Но бывали у Василька вопросы, на которые Скворцов отвечал охотно, с легкостью, и потом эта легкость на час, на полтора оставалась в душе, естественные для ребенка вопросы и естественные для взрослого ответы. Почему дождь становится снегом, — воздух холодает. Как узнать время по часам, — вот это цифры, вот часовая, а вот минутная стрелка. Как правильно говорить: луна или месяц, — и так и так можно. Откуда берется соль, — ее добывают на соляных копях, в соленых озерах. А почему колеса круглые, — чтоб крутились, если другой формы будут, сломаются.

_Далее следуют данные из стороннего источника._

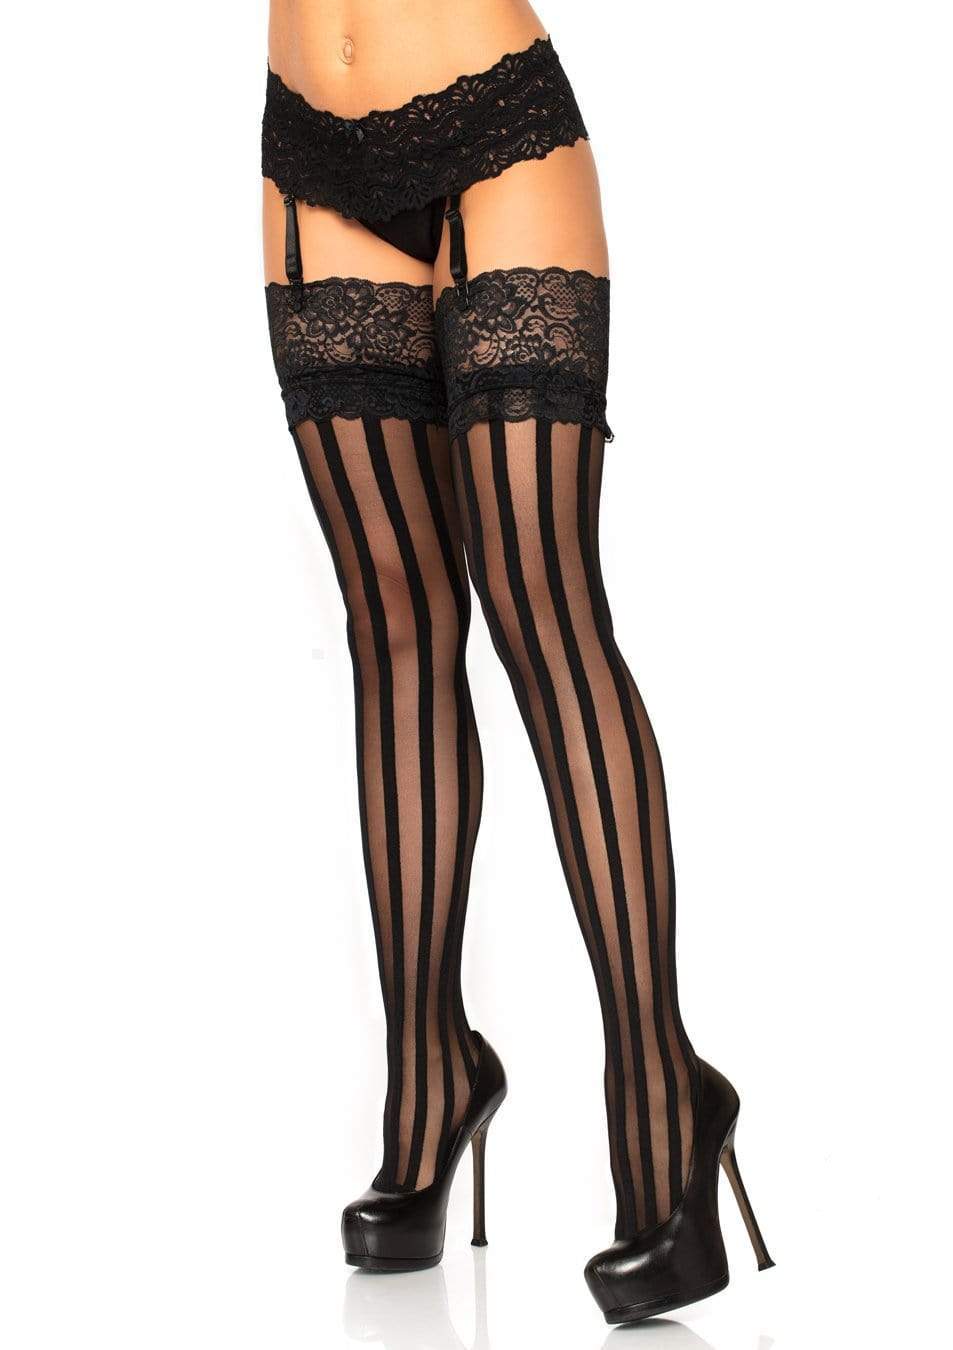 Leg Avenue Spandex Vertical Striped Stockings with 5 inch lace top

Когда Скворцов уезжал из расположения, Василек, пасмурный, встревоженный, отирался возле него, бросал прощальные, исподлобья взгляды, шел рядом со стременем. Встречая, растягивал рот до ушей, улыбался, как светился, не выпускал, тряс руку Скворцова, ни на шаг не отходил, пока необходимость не заставляла сказать ему: «Иди, Василек, занимайся своим делом, мне надо поработать, люди ждут». И он косился на этих людей, отрывавших от него Скворцова. А в землянке его отрывал Емельянов, со своим чистописанием, но тут он не косился; корпел над тетрадкой, посматривал на Емельянова, на Скворцова и радовался, перехватывая взгляд Скворцова. Новожилов ворчал себе под нос: «Детский сад в партизанском отряде», — в шутку ли, всерьез. Федорук тоже что-то бурчал насчет детского сада, однако одаривал Василя сверхнормативным харчем. Захаживал в землянку и Лобода, без слов, неуклюже совал мальчику съестное и, не слушая ничего в ответ, выходил наверх, хлопал дверью.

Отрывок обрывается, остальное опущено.